Between 2001 and the summer of 2008, oil prices increased from around $20 to nearly $150 a barrel. While prices then fell back as a result of the international financial crisis, demand for energy is still expected to grow exponentially, and many predict that oil and gas reserves are on the point of peaking. Western dependence on imported supplies is set to increase. It is estimated that the European Union’s (EU) reliance on imported energy supplies will rise from 50 to 70 per cent of energy requirements and the US’s dependence to 60 per cent by 2025 (Cordesman and Al-Rodhan 2006: 18). It is estimated that in 2035 global energy consumption will be double that of 2005, with fast-developing economies such as those of China and India hungry for ever-increasing supplies of oil and gas. Non-democratic producer states have enjoyed the succour of increased revenues and greater international leverage. Beyond short-term fluctuations in oil prices, these regimes are widely seen as strongly placed to consolidate their influence over the medium term. This new energy panorama raises many questions.

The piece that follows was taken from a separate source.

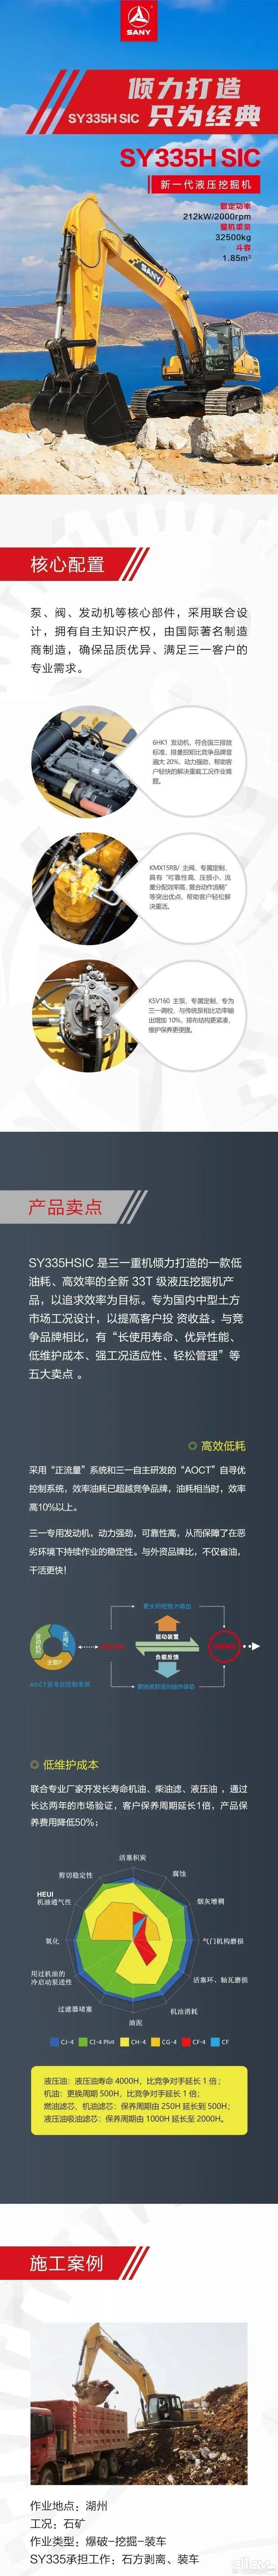 三一SY335HSIC挖掘机产品性能介绍

The focus in this chapter

is on one specific issue, namely its impact on democracy. Of the diverse factors affecting democracy’s fortunes, energy would appear to present one of the most open-and-shut cases. As oil and democracy appear never to have mixed well, the new context is widely seen as a major factor quite unequivocally loading the dice even more strongly against democracy. Evidence abounds that the new energy panorama has worked and is working clearly to democracy’s disadvantage. But the chapter digs a little deeper and asks whether the equation is quite as simple, quite as black-and-white as this. Notwithstanding the negative trends associated with the changes to international energy markets, ‘the return of oil’ to international geopolitics has also served as a catalyst for more far-reaching debates over democratization and governance reform. Full-scale democratic reform may be increasingly ‘blocked by oil’ but pressure for some degree of governance reform has itself intensified in response to that same autocratic management of energy resources.